(Dataset entries)
********
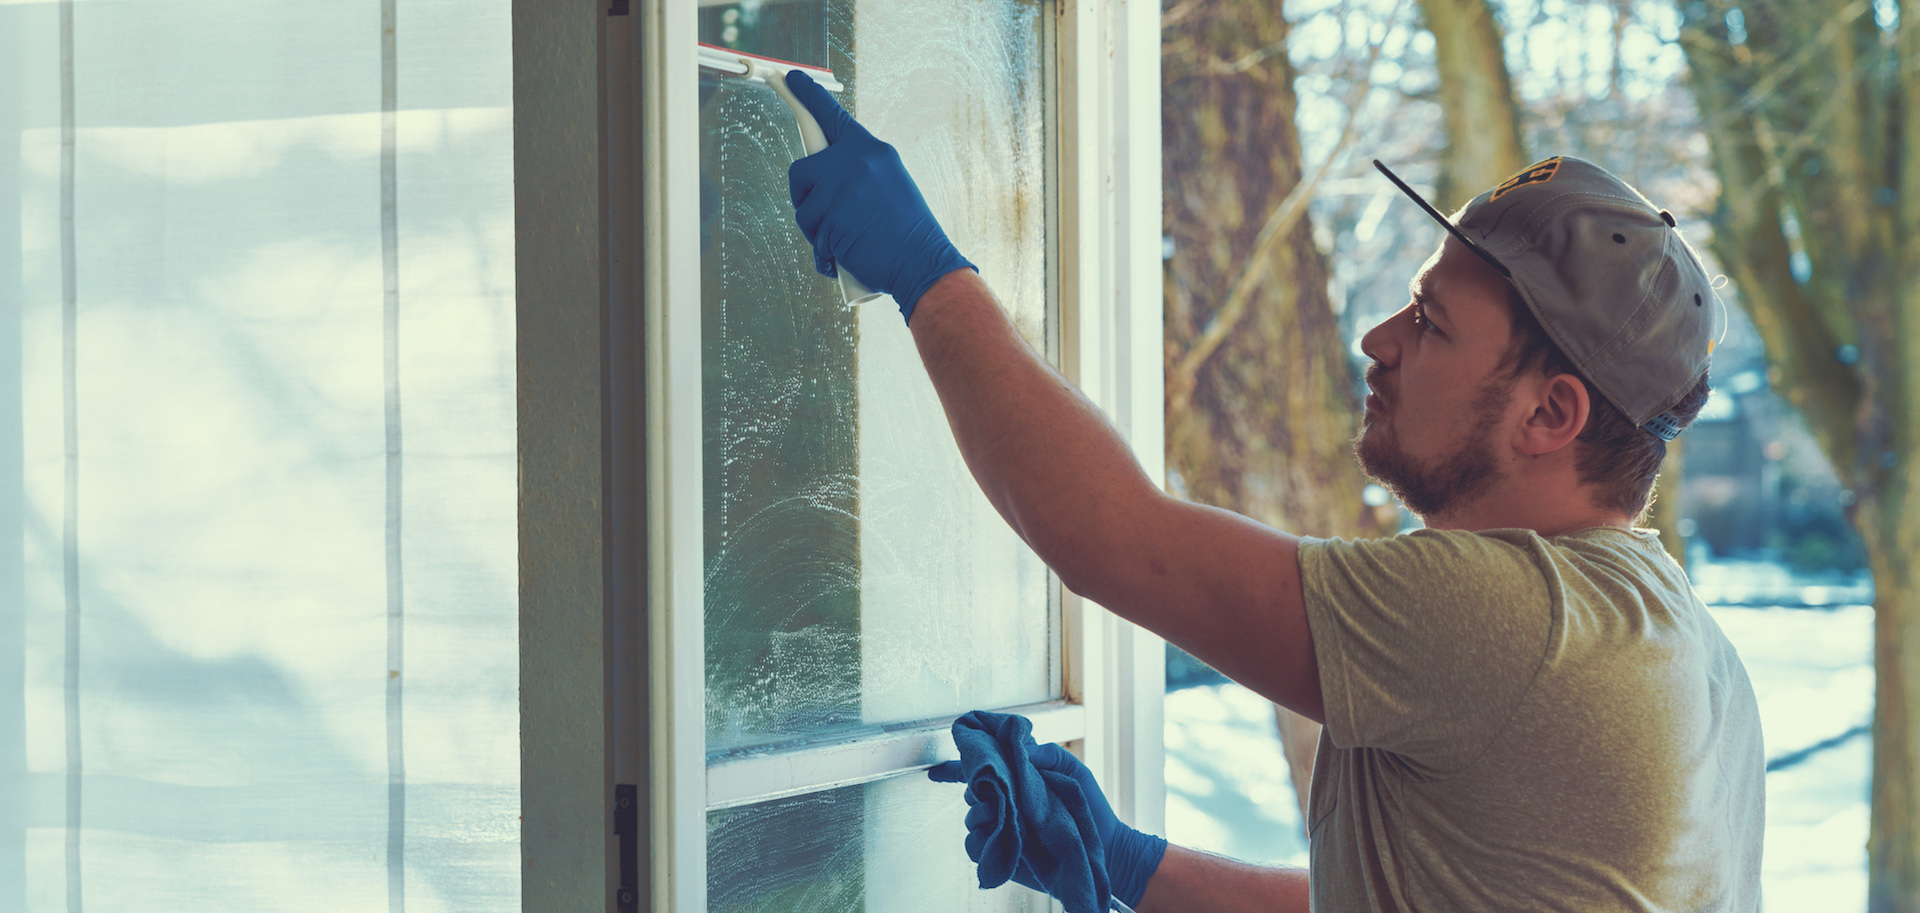 home window repair & scratch removal services
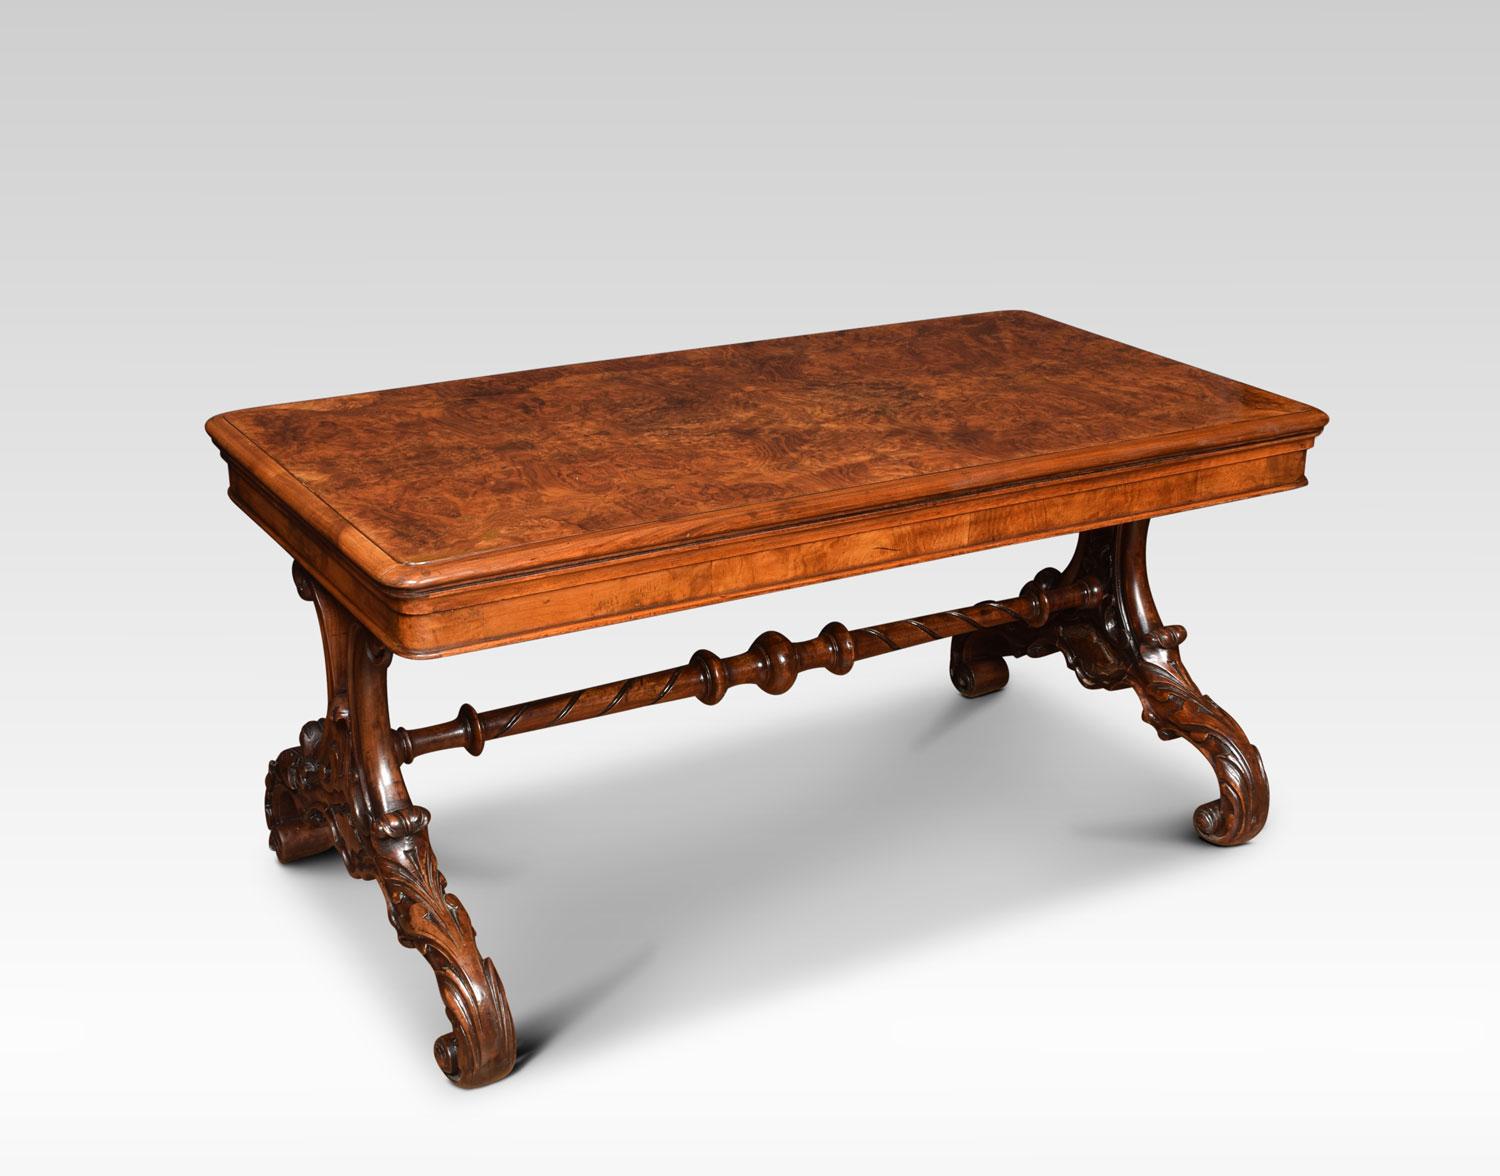 19th century coffee table, the large rectangular walnut top with moulded edge. Raised up on carved platform ends united by stretcher. Terminating in splayed scroll legs. (Adapted).
Dimensions:
Height 20.5 inches
Width 42 inches
Depth 22 inches.
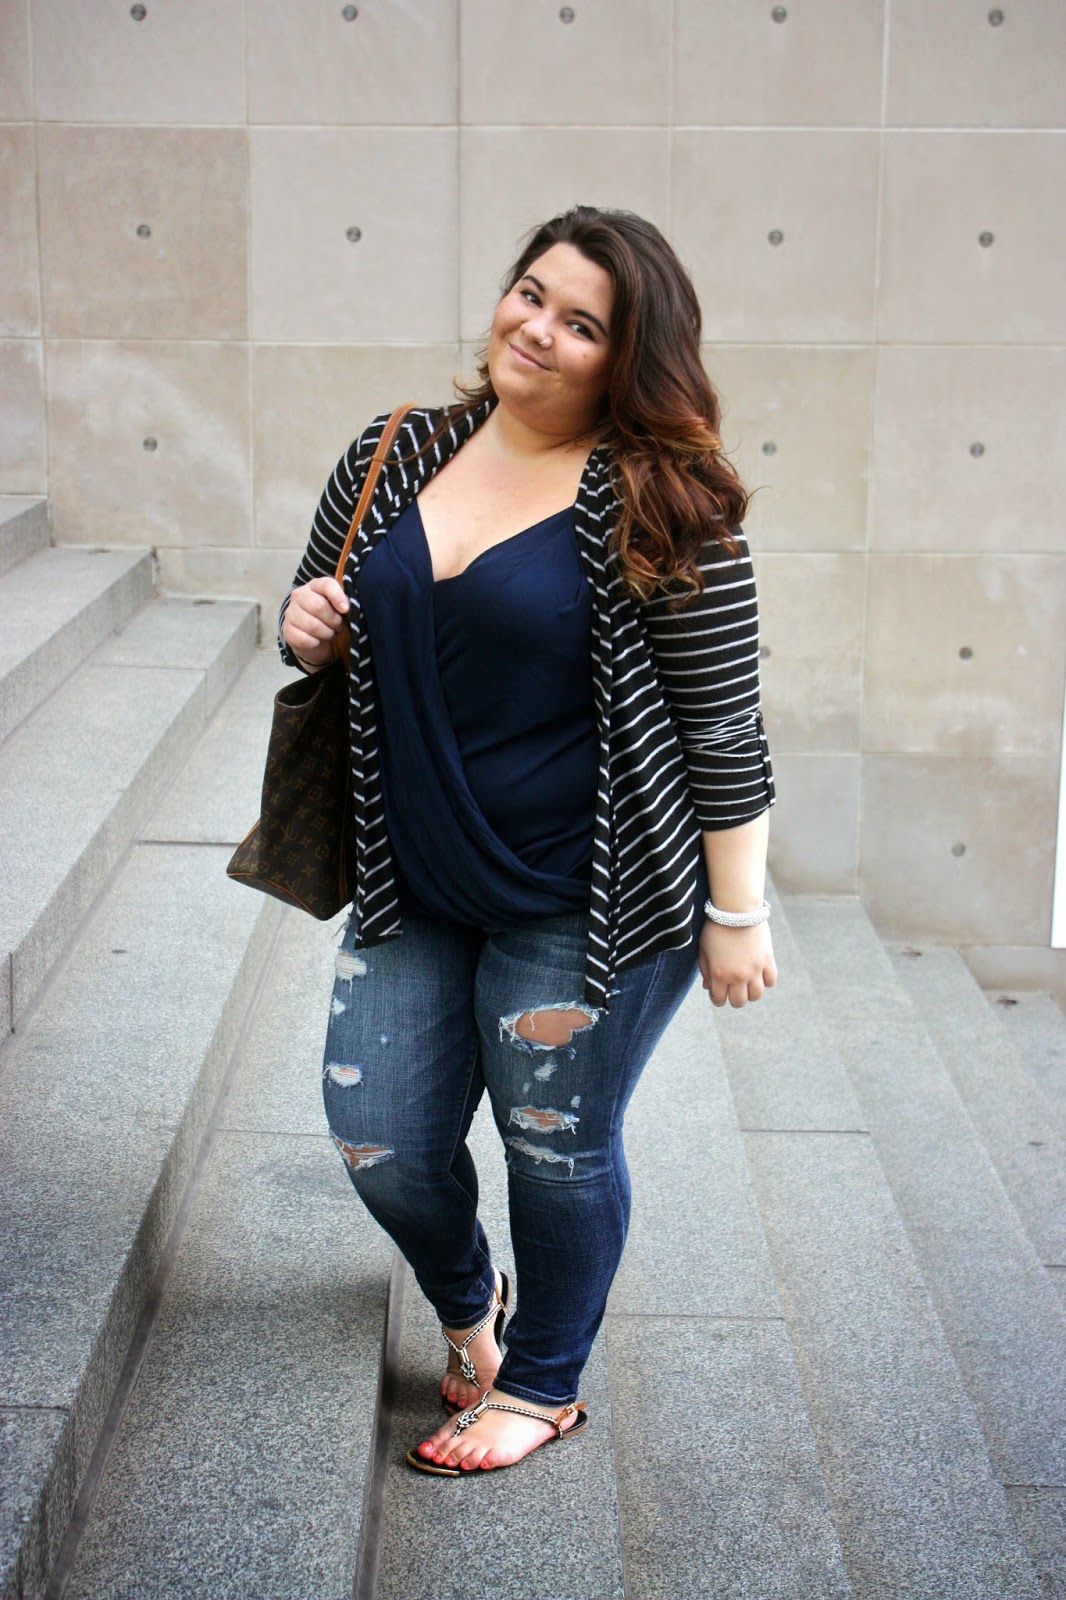 curvy fashionista, Destroyed denim, american eagle jeans, louis vuitton tote, stripes, cardigans, swarovski bangle, missimo sandals, forever 21 plus size, curly hair, ombre, deep neck, plus size fashion blogger, natalie craig, natalie in the city, chicago, spring style 2014, fashion blogger, plus size
********
_What this task involves_. From the records above, copy every line that holds the word "inches".

_Task answer_.
Height 20.5 inches
Width 42 inches
Depth 22 inches.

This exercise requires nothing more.